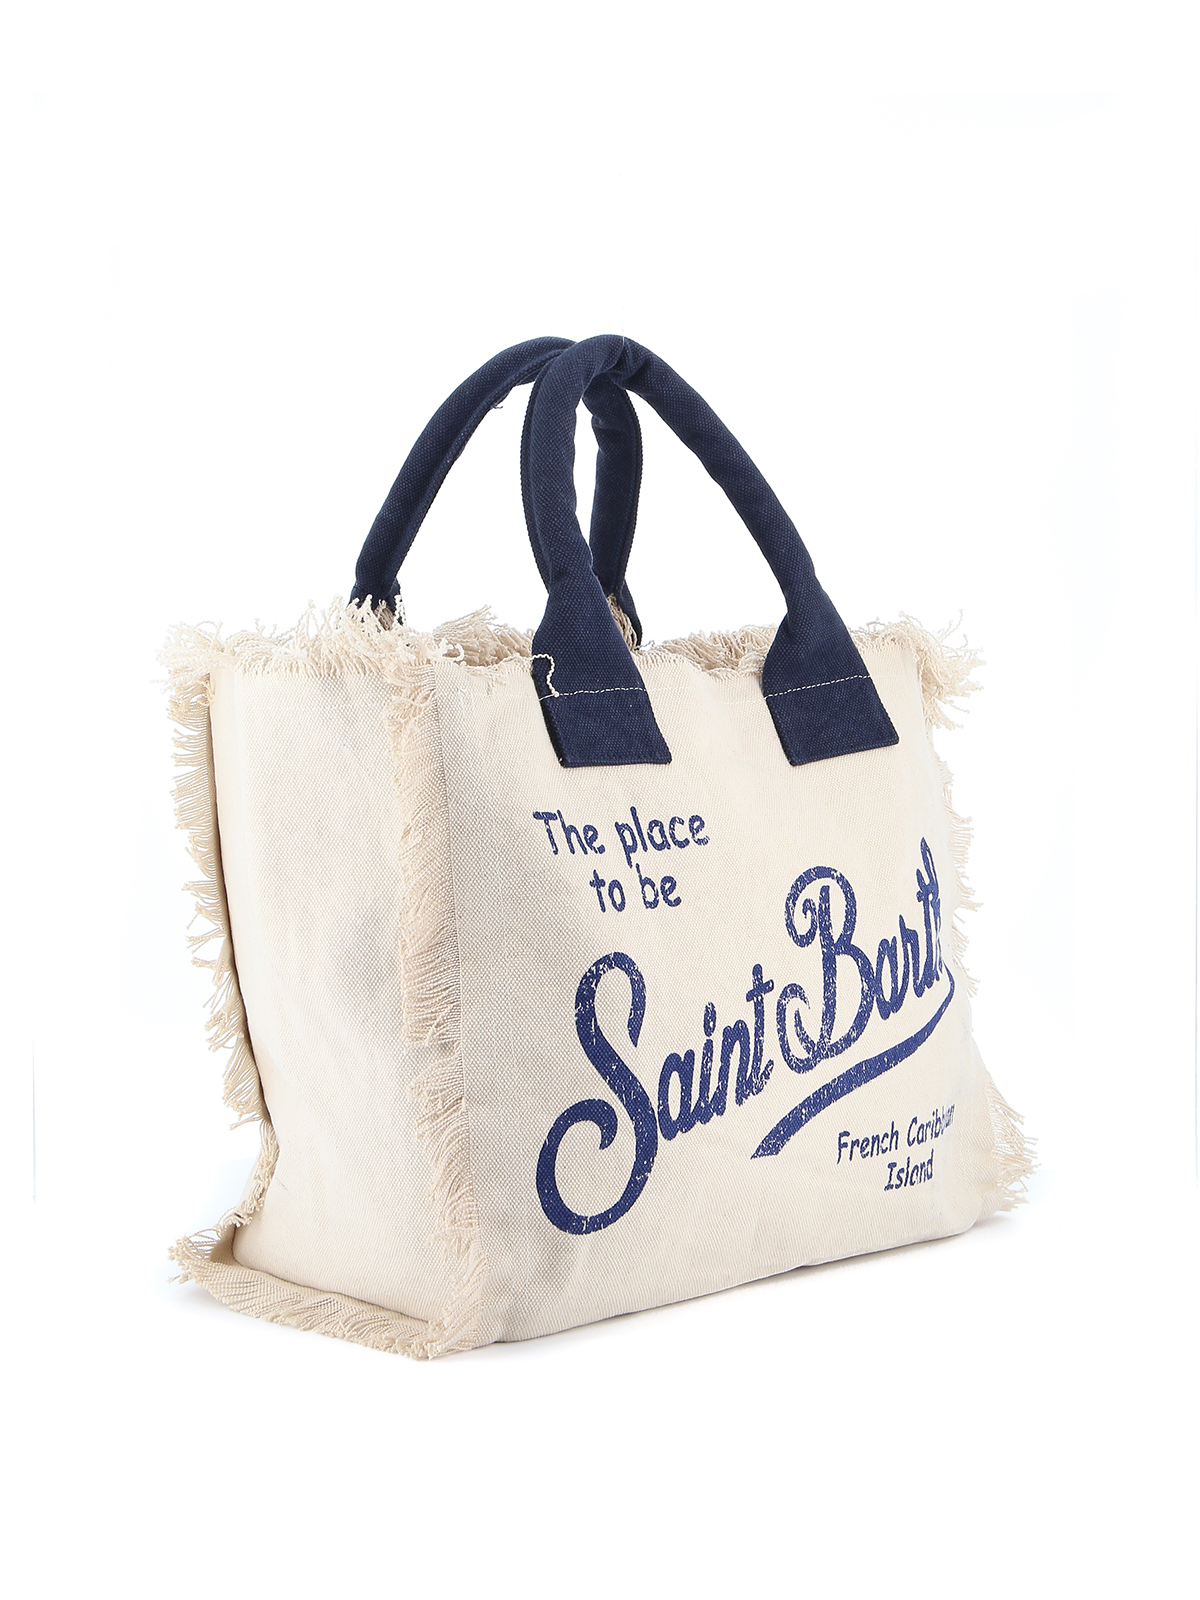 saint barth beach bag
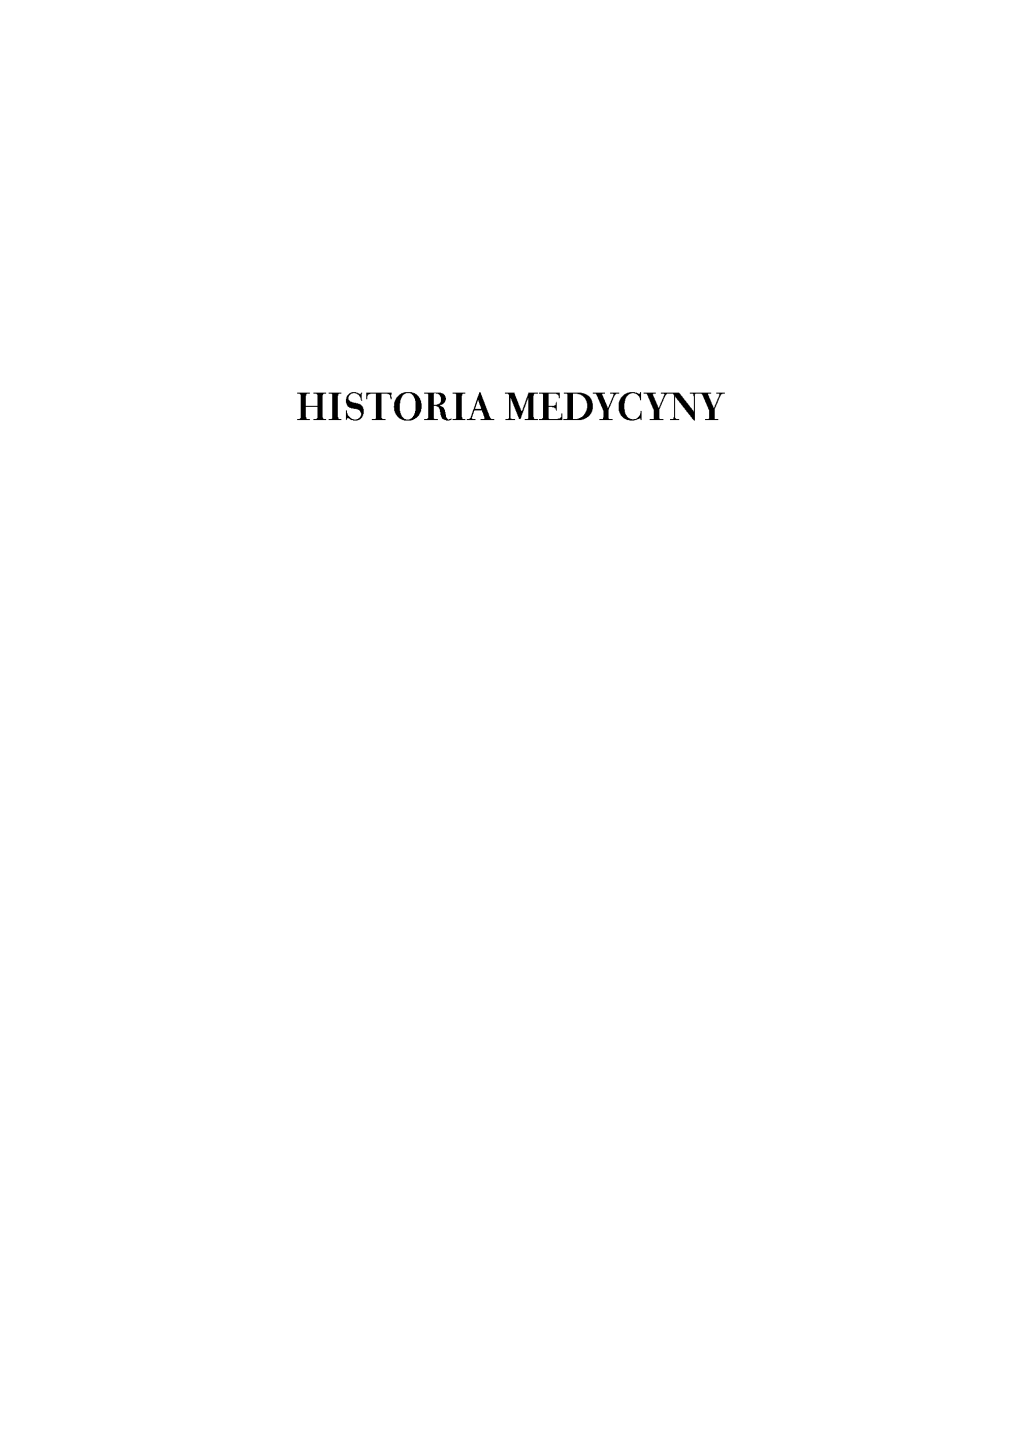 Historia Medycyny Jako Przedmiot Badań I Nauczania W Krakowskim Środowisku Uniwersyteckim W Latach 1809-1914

...

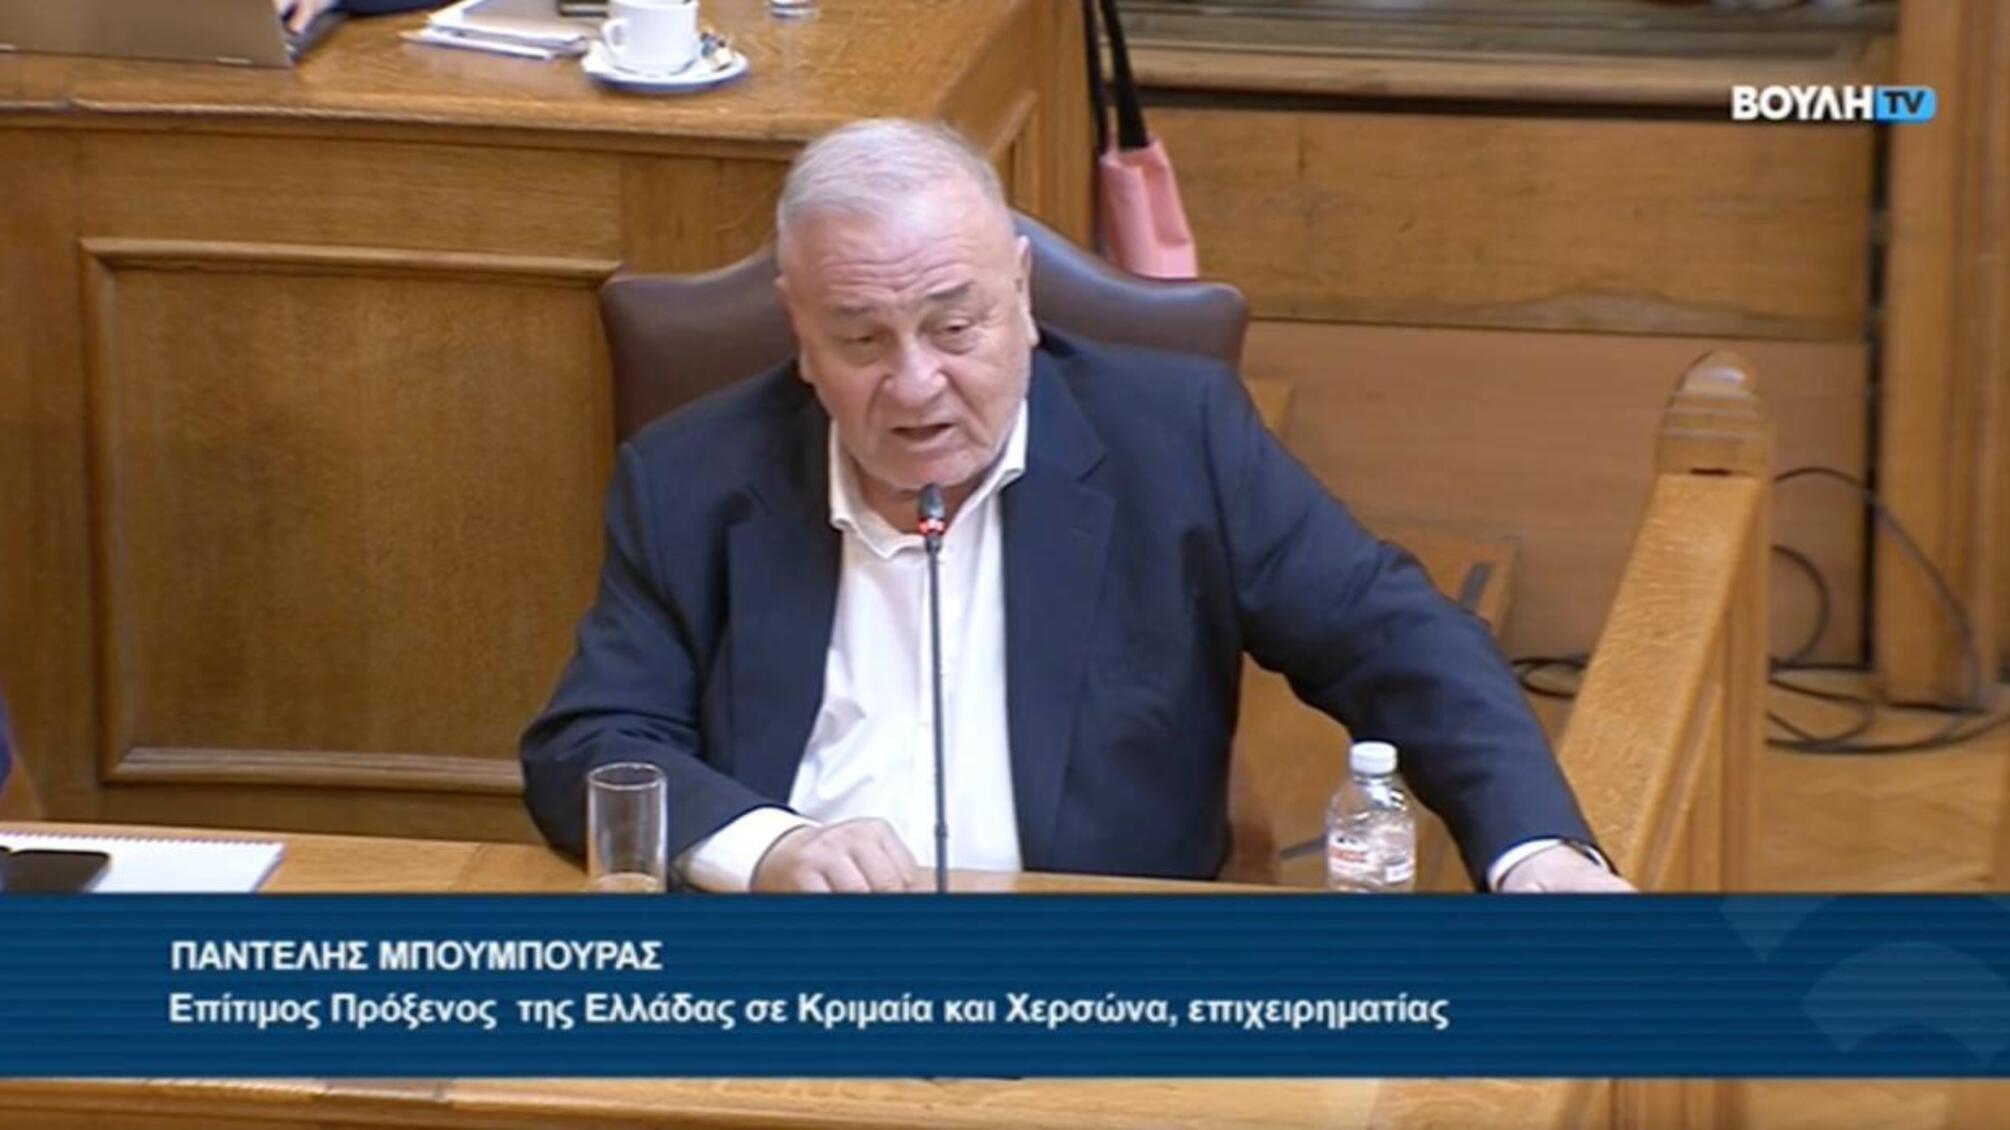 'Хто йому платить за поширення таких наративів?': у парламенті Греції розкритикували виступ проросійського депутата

TASK TO CARRY OUT: A clean copy is needed of the lines in the listing above from the one with "saint barth beach bag" through the one with "Historia Medycyny Jako", exact in every word and free of pictures.

ANSWER BOX:
 saint barth beach bag
 Historia Medycyny Jako Przedmiot Badań I Nauczania W Krakowskim Środowisku Uniwersyteckim W Latach 1809-1914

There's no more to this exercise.